# Pebble Beach



## David J. Cooper (Apr 26, 2010)

We spent a few hours driving the 17 Mile Drive and eating at Stillwater in the Lodge on the weekend. Now we think we want to spend three days in the area and play a couple of the courses. Anyone have any advice in wehter there are deals to be had during the off season? If there is one.

We would love to play Pebble but would like to avoid the tourist show with the photographer on the 18th etc. Is this possible?


----------



## Andy (Aug 25, 2002)

David:

I've had several friends play Pebble and talk about it. It's expensive and you must have a caddy. But for me it doesn't sound like a good value. However having a drink in the bar .....!!!

We had a great time at the Ft. Ord courses (Bayonet and Black Horse) but can't right the minute remember the names and the oldest golf course in California is Del Monte and fun.

For shopping try Khaki's (Monterey) and the Robert Talbot store (Carmel).


----------



## David J. Cooper (Apr 26, 2010)

Thanks Andy. I was hoping you would post on this. The course I really want to play is the Links at Spanish Bay and the green fees are half the price of Pebble. 

Bayonet was on my radar but we stayed close to our base for this trip, Pleasanton, we played Wente once and Callippe Preserve twice. Callippe is a great place and is 10% the cost of Pebble.

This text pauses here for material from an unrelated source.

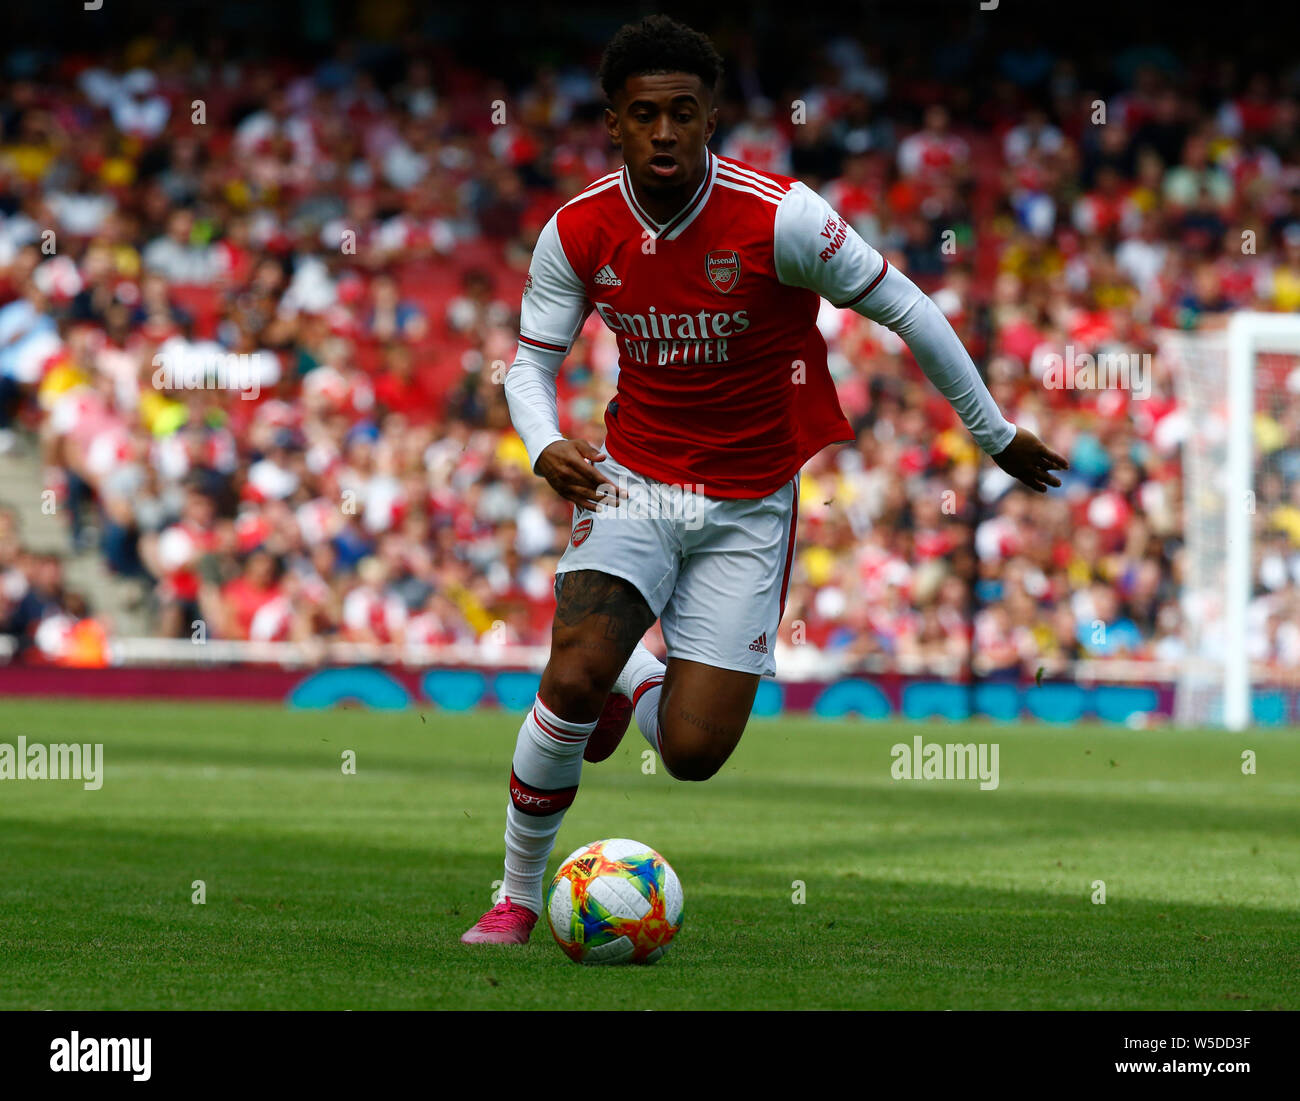 London, UK. 28th July, 2019. London, United Kingdom, JULY 28 Ainsley Maitland-Niles of Arsenal during Emirates Cup Final between Arsenal and Lyon (Olympique Lyonnais )at Emirates stadium, London, England on 28 July 2019. Credit: Action Foto Sport/Alamy Live News Stock Photo

Still, it would be cool to play Pebble Beach.


----------



## forni (Aug 24, 2012)

I think you made a good decision with Wente and Calippe.


----------



## David J. Cooper (Apr 26, 2010)

forni. There are a lot of nice courses in the area that charge less then $100. I think the people who play Pebble do it for reasons other then the actual game.


----------